From what I'm told the driver's seat it positioned a little farther back, which is where I had problems in the Civic (the Prius is borderline). I'm hoping that when I get back from Afghanistan and get to actually sit down on a CR-Z it'll be a better fit. ^^'


----------



## xhaxha (Aug 23, 2011)

i will still go for toyota. it's been tsted that toyota has the better mileage compare to other car. toyota as japanese car can comptete with the german us and european cars. it seems that toyota is now dominating the car industries fast. features of toyota and the stylish design it is also a plus factor why you should choose it. for the toyota repair and maintenance, that car is really to do the repair staff.


----------



## Timer5 (Dec 13, 2009)

You could try a Chevy Cruze.

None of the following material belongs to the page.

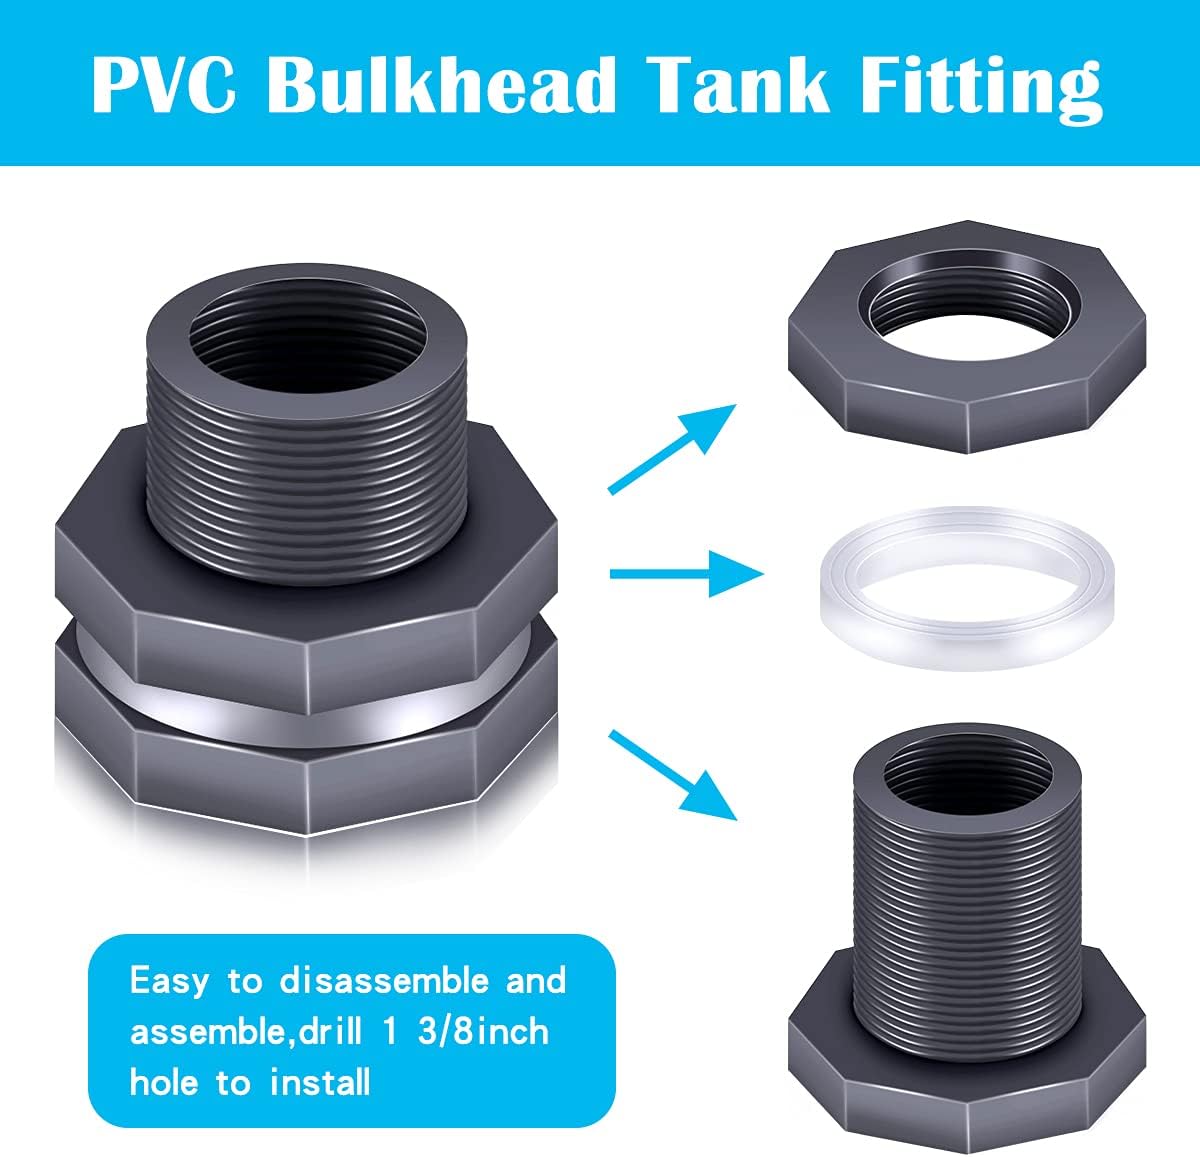 4PCS PVC Bulkhead Fitting 3/4 Inch,Water Tank Connector Adapter,Thru-Bulk Pipe Fitting for Rain Barrels, Aquariums,Water Tanks,Pools(Grey) H-007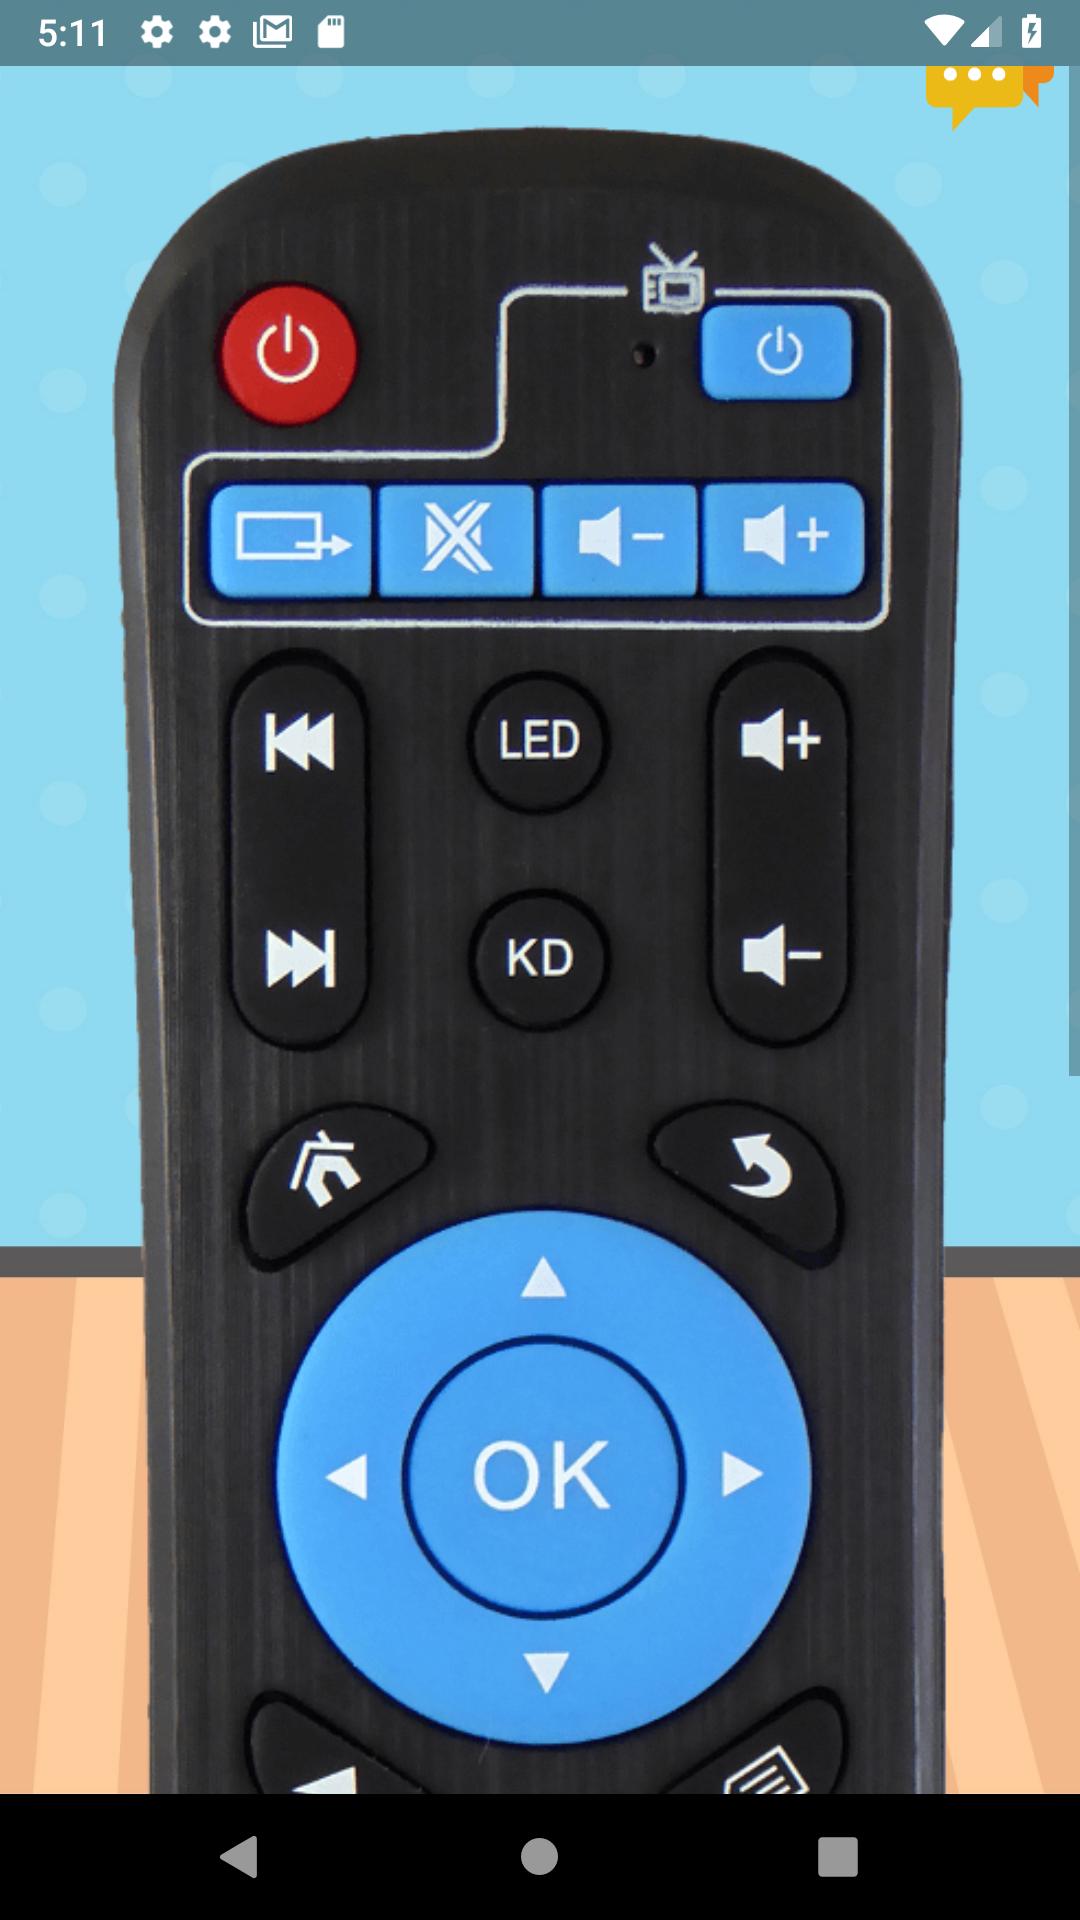 Gambar Remote Control TV Android

It gets 42 MPG and it is a bigger car so you would probably fit in it at 6'3''.


----------



## Scottg1 (Jul 30, 2011)

I hate the Prius! I could go on and on about why but that's not going to help you. If I were you I would keep the Prius (yeah, I know). Should be paid off by now or soon, Save a few dollars and buy a toy, what ever you want that's fun. Drive the toyota every day and take the fast car on weekends in good weather to get it out of your system. Just pay cash and put both cars on liability insurance to save per month.
But that's just what I would do
Happy motoring


----------